For OCD, the pooled rates of response were 52% on antidepressants and 32% on placebo, giving a pooled risk difference of 20% and an NNT of six. Pooled rates of suicidal ideation/suicide attempts were 1% on antidepressants and 0.3% on placebo, making a pooled risk difference of 0.5% and an NNH of 200. In the treatment of non-OCD anxiety disorders, pooled rates of response were 69% on antidepressants and 39% on placebo, giving a pooled risk difference of 37% and an NNT of three. Pooled rates of suicidal ideation/suicide attempt were 1% on antidepressants and 0.2% on placebo, producing a pooled risk difference of 0.7% and an NNH of 143.
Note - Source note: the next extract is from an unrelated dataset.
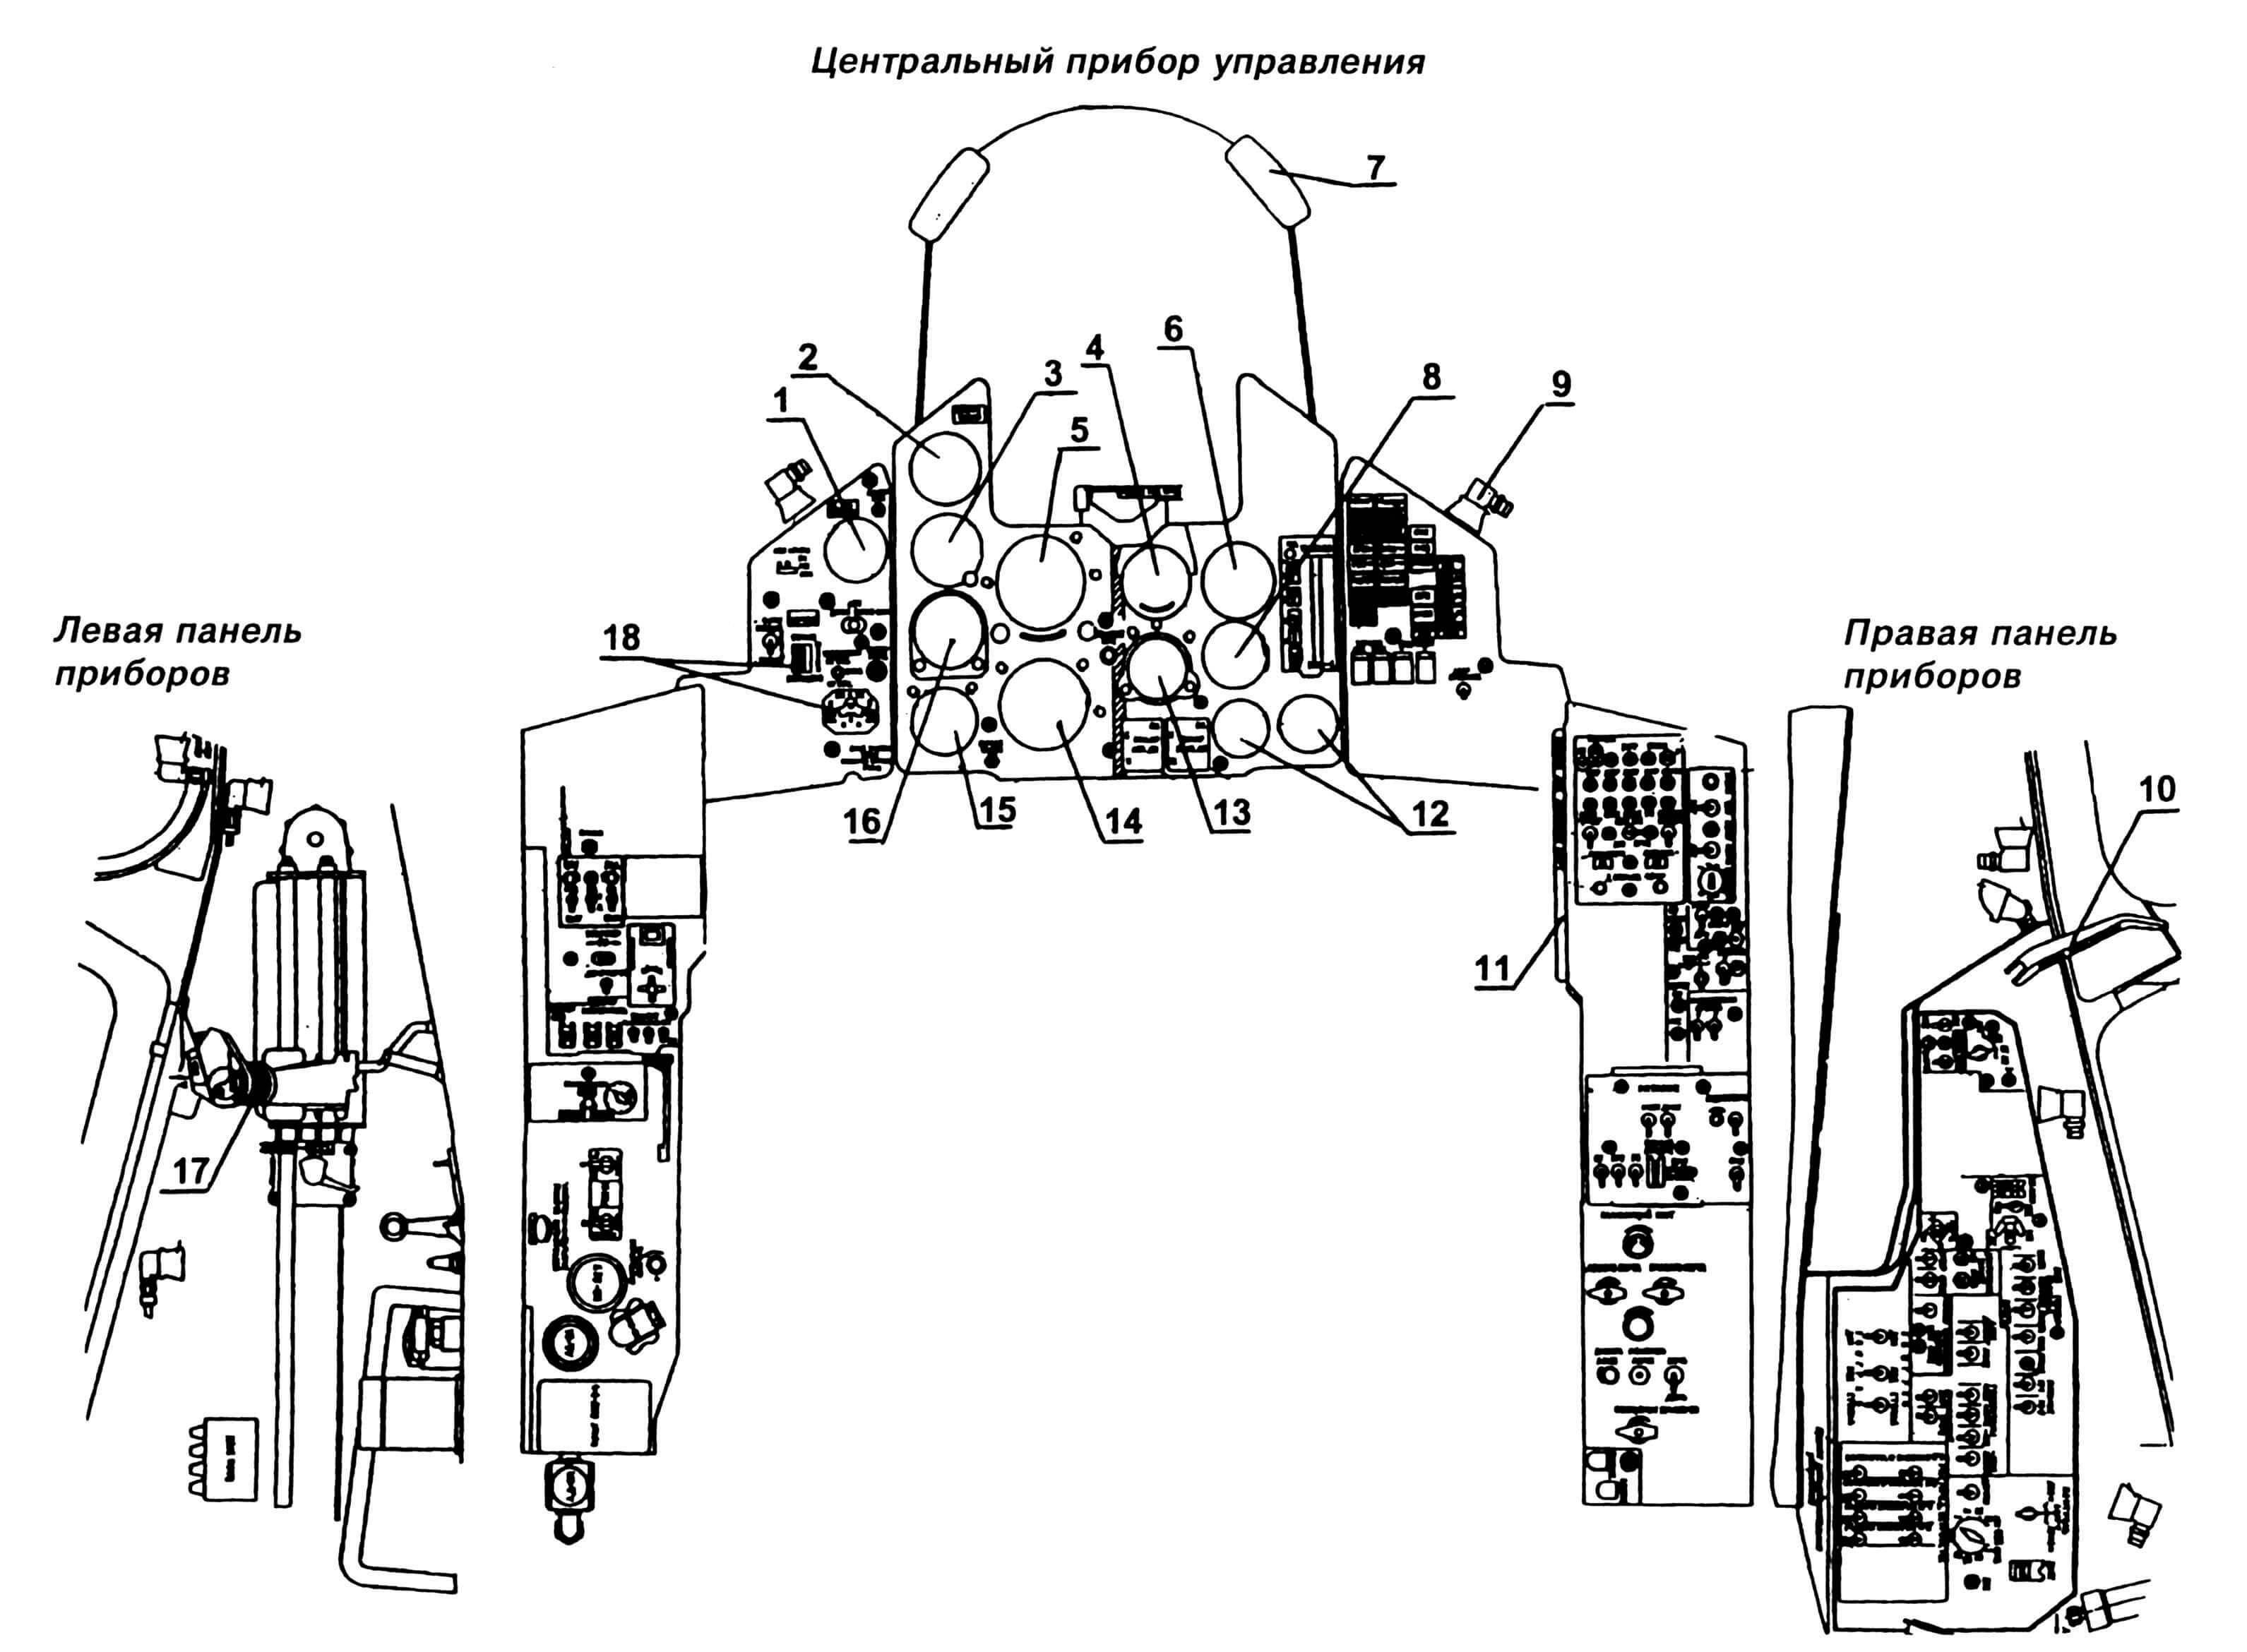 Панели приборов пилотской кабины: 1— указатель углов атаки и перегрузки УАП-4-7; 2 — указатель скорости КУС-2; 3 — указатель высоты УВ-75; 4 — прибор совмещенный ДА-200П; 5 — прибор командно-пилотажный КПП-2ТК-2; 6 — указатель числа «М» МС-1 А; 7 — зеркало заднего обзора; 8 — указатель числа оборотов двигателей ИТЭ-2ТК-2; 9 — прибор осветительный; 10 — рычаг автономного сброса фонаря; 11 — карман для хранения карт; 12 — индикаторы температуры газов за турбинами двигателей ИТГ-1; 13 — часы АЧС-1М; 14 — прибор навигационный плановый ПНП-72-12; 15 — прибор, показывающий дальность ППД-2; 16 — радиовысотомер; 17 — рычаг управления двигателями; 18 — указатели положения шасси.

While these figures pushed the overall risk-benefit equation for antidepressants in children and adolescents firmly into the positive, the more moderate increase in risk compared with the FDA’s estimates was strongly flavoured by the different statistical approach taken in the new study. Whereas the FDA mainly used fixed-effects models to combine data from the randomised trials (while applying random-effects models as part of a sensitivity analysis), Dr Brent et al relied on random-effects models, which “tended to yield smaller risk ratios and risk differences”, they noted.
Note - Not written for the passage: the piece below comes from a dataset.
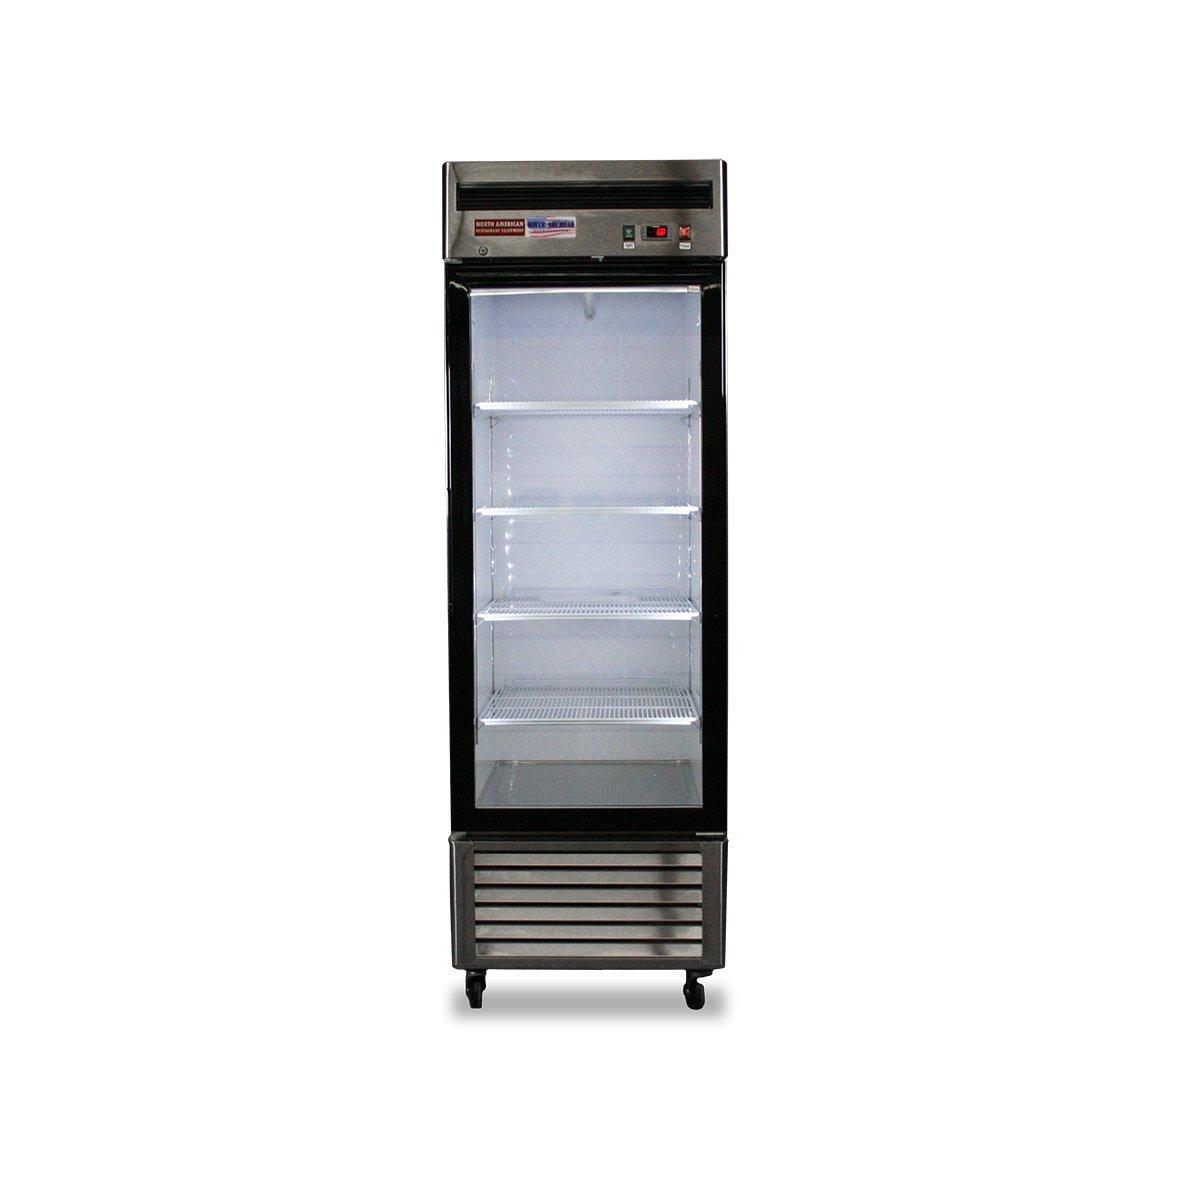 North American Restaurant Equipment 1 Door Glass FREEZER Single Reach In Frozen Food Display

When the University of Pittsburgh team re-analysed the data using fixed-effects models, the results were far closer to the estimates in the FDA review. As an illustration, the pooled risk difference for suicidal ideation/suicide attempts across all of the antidepressant trials in the new meta-analysis was 0.7% on a random-effects basis but 1.3% when re-analysed with a fixed-effects model. The pooled risk difference in the FDA review was 1.5% using a fixed-effects model but 0.8% on a random effects basis.
Random effects approach more appropriate
“While either approach to meta-analysis is defensible,” Brent et al commented, “we believe that a random effects approach is more appropriate for pooling data because it does not assume that there is a common effect across all studies. In light of quantitative and qualitative evidence of heterogeneity among trials, this is a more conservative assumption and provides estimates of risk differences that are less vulnerable to heterogeneity.”
Although the University of Pittsburgh review still found an increased risk of suicidal tendencies in adolescents and children taking antidepressants, the pooled risk differences for each specific indication, “while in the direction of risk, were not statistically significant”, they concluded.
Some might argue, they added, that any risk of suicidal ideation/attempts “cannot possibly justify treatment” with antidepressants for these populations. “Instead, we believe that the strength of evidence presented here supports the cautious and well-monitored use of antidepressant medications as one of the first-line treatment options,” the authors said, “with the recognition that efficacy appears greatest for non-OCD anxiety disorders, intermediate for OCD and more modest for MDD.”